Blackstone closes on Vivint purchase
PROVO, Utah—The deal is done: The Blackstone Group has officially closed on its purchase of home automation/home security giant Vivint for more than $2 billion.
The sale gives Vivint, based here, “more flexibility” to do such things as increase its focus on inside sales, company CEO Todd Pedersen told Security Systems News. He expects inside sales to exceed 60,000 customers per year. That’s in addition to the accounts generated by the door-knocking company in its annual summer sales season, which in 2012 was 152,000 accounts, he said.
The company also is looking for a new chief financial officer, because CFO Chris Black is leaving, Pedersen said.
Vivint, then called APX Alarm, hired Black almost two years ago.
“He’s been awesome and we had a nice run, but he was able to sell some equity when the transaction happened … and he is taking the opportunity to take a break,” Pedersen said.
“We’ve already started the interview process for the new CFO, but if there are any incredible CFOs [out there] that have run $10 billion companies, give us a call,” he said. “… We kind of have an internal goal to grow the company to $10 billion at some point, so we’re looking for a high-caliber CFO.”
SSN reported in September on Blackstone's planned acquisition of Vivint, but the New York City-based asset management and financial services company just recently announced the closing of the deal.
“Blackstone Capital Partners VI LP, a fund managed by Blackstone on behalf of its private equity investors, acquired Vivint for in excess of $2 billion,” Blackstone said in a Nov. 19 news release.
The release stated that the transaction “includes three primary assets.” In addition to Vivint, the deal includes Vivint Solar, billed as “the fastest-growing solar company in the United States, using power purchase agreements to provide affordable solar solutions to residential consumers across North America,” and 2GIG Technologies, a provider of security and automation equipment for the residential and small commercial markets.

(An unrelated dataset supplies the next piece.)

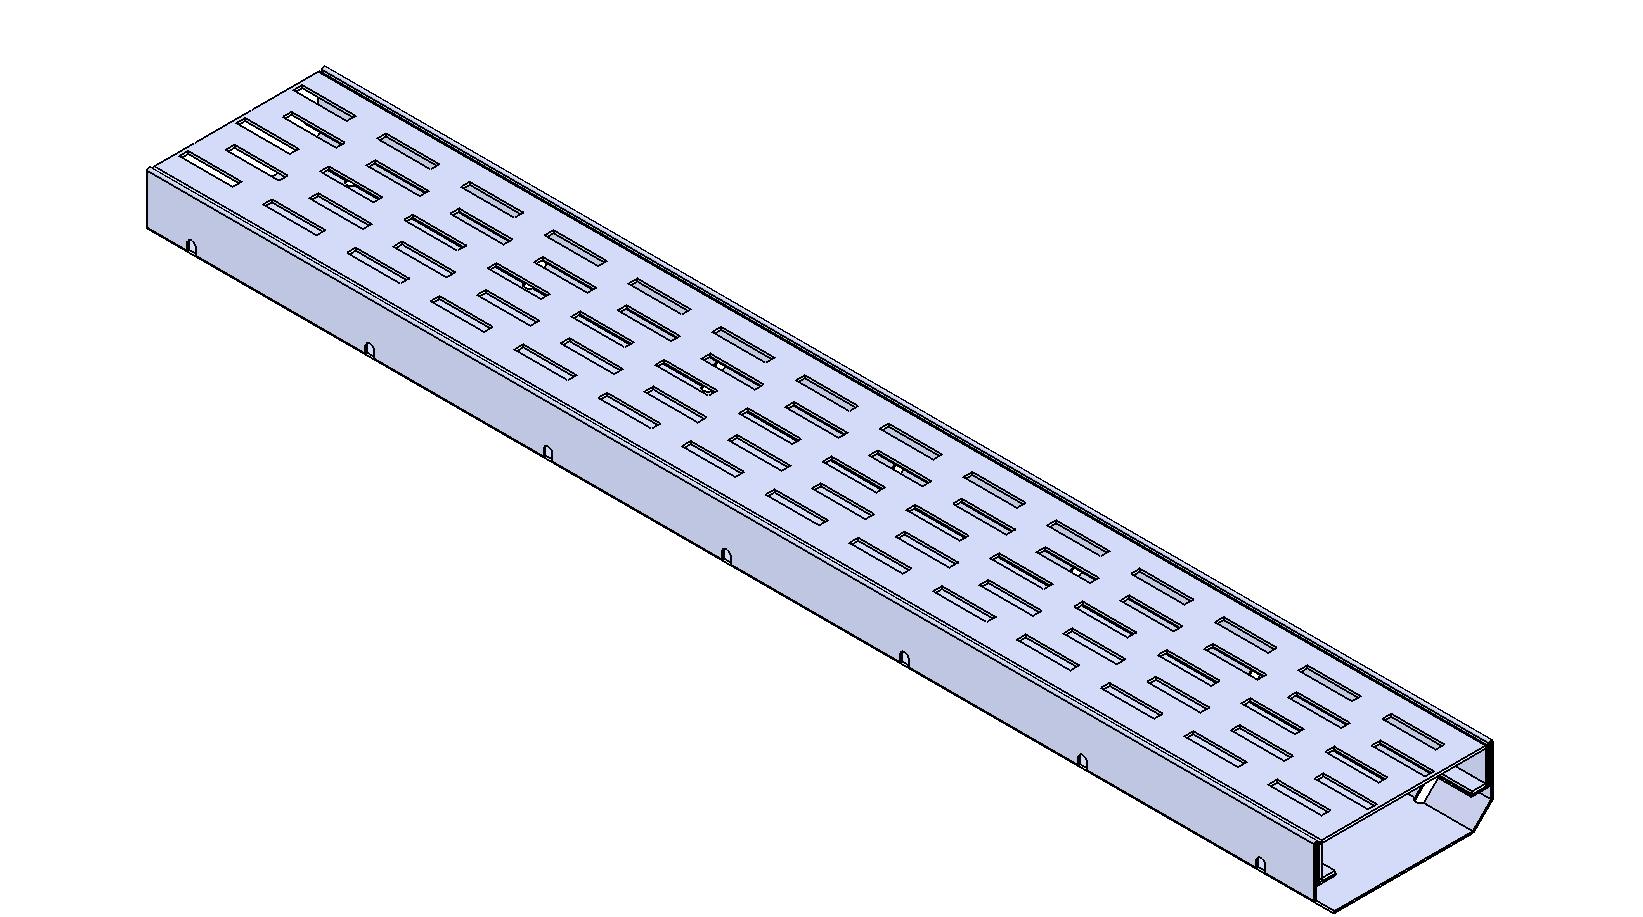 FD001-FD 100 40.JPG

2GIG was not owned by Vivint but the two companies shared investors: Goldman Sachs, Jupiter Partners and Peterson Partners. Now, they’ll both be portfolio companies of Blackstone, with 2GIG continuing to be a separate operating entity.

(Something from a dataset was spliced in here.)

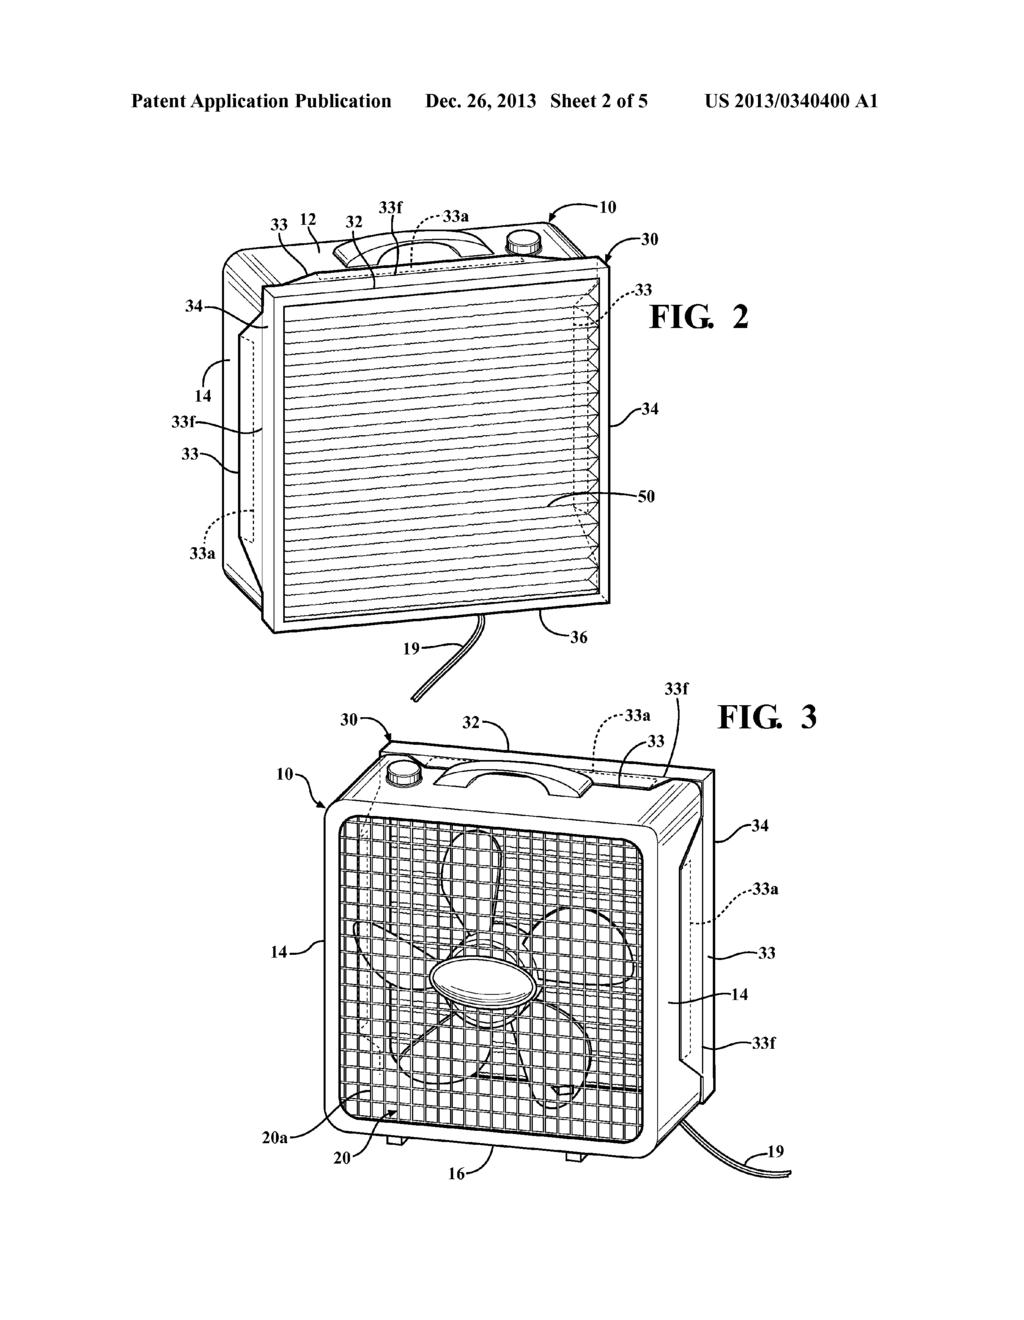 xh_2217] box fan diagram schematic wiring  iosco anth exxlu wedab vell waro hendil mohammedshrine librar wiring 101

According to Lance Dean, 2GIG co-founder, the transaction means “business as usual” for the Carlsbad, Calif.-based company, which has more than 2,000 dealers using its equipment.

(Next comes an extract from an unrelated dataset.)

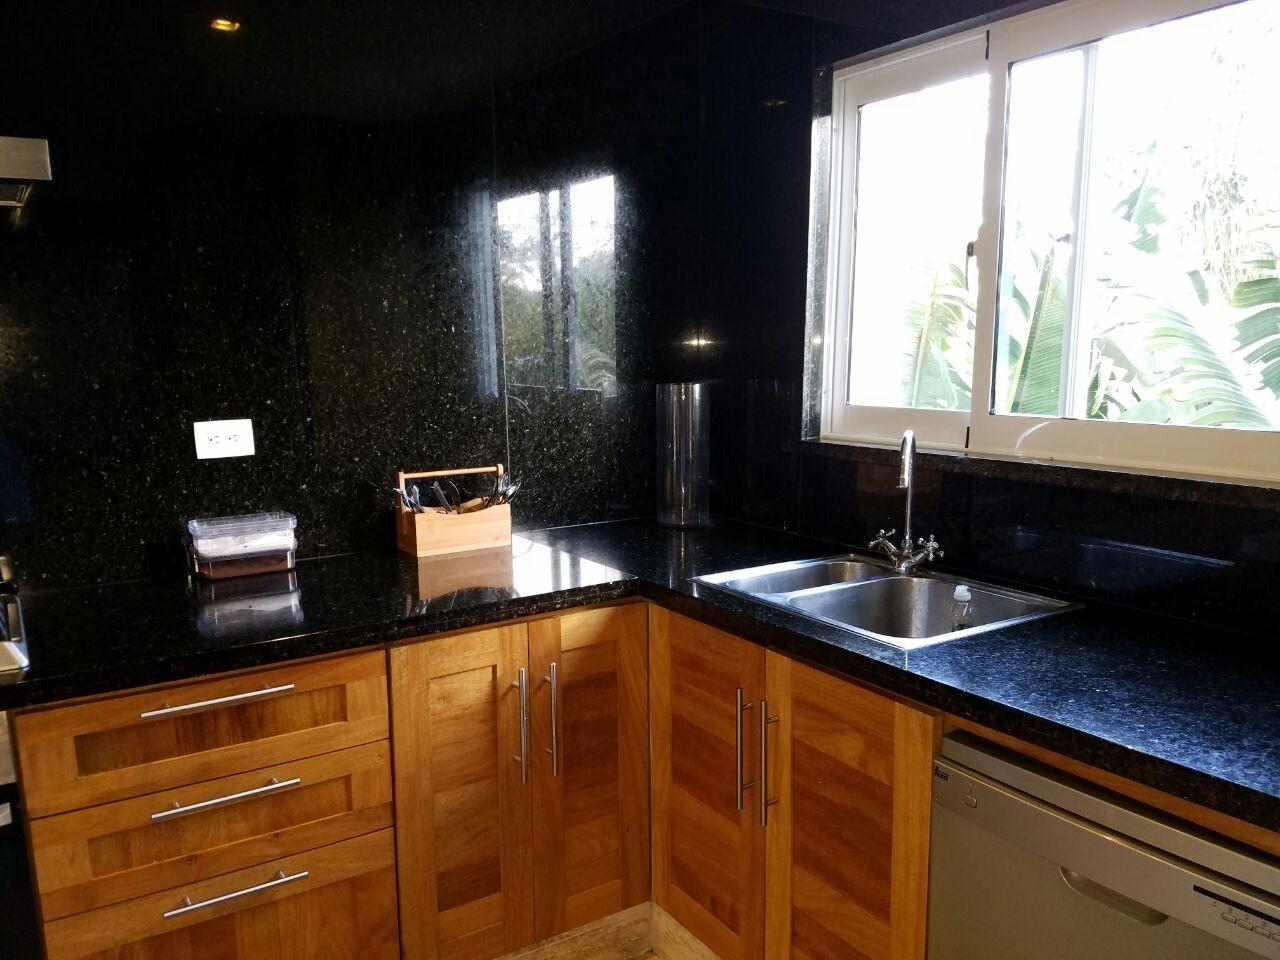 Apartment for sale las terrenas monserrat II kitchen2.jpeg

“We’re excited about our future and we look forward to continuing to grow the business both domestically and internationally,” Dean said in a statement to SSN.
The deal gives Vivint “the capital and support to extend its market leadership,” the news release said. Pedersen told SSN that translates to additional flexibility.
Previously, he said, “we had a pretty complicated financing structure. We were at $700 million plus in financing, and so to have that many banks coordinated and covenants and restrictions on the lending, [it] didn’t enable us to do some of the projects we’re now working on because Vivint couldn’t fund those projects off of cash flow.”
The transaction with Blackstone, he said, “is allowing us more flexibility that way.”
Pedersen said that’s because “the high-yield market is a massive, massive market with hundreds and hundreds of billions a year, and the debt market inside of the security business is very, very small—there’s very few lenders and their maximum holds are very small. It just wasn't scalable for us at our size, and so it restricted our ability to grow the company more than we did.” Also, he added, “it’s expensive debt when you take on these bank facilities in this space. It’s expensive as compared to the high-yield bond market.”
He said one area where the new flexibility will benefit Vivint is inside sales—inbound calls generated by the television and Internet advertising Vivint does year-round.
For several years, he said, the company has been generating about 1,500 new customers a month from inbound sales, and recently has grown such sales to nearly 5,000 per month. “That’s something like 60,000 new customers a year and I think we’re going to be able to grow that pretty substantially,” Pedersen said. “And honestly, that was something we couldn’t do previously because we didn’t have the capital to really focus on that and the summer [sales]. It was kind of ‘either or’—we couldn’t do both of them to capacity—because we didn’t have the financial resources through our lenders.”
Now, he said, “you add capital to Vivint, and we actually can grow.”
Other goals for 2013 include launching in Australia, probably in Q1; adding an energy analytics component to Vivint’s energy management services; and continuing to innovate, Pedersen said.
For example, he said, “we’ve been testing just recently a wireless Internet service that we intend to continue to test out over the next three to four months. And who knows, you might someday see Vivint with a nationwide wireless network.”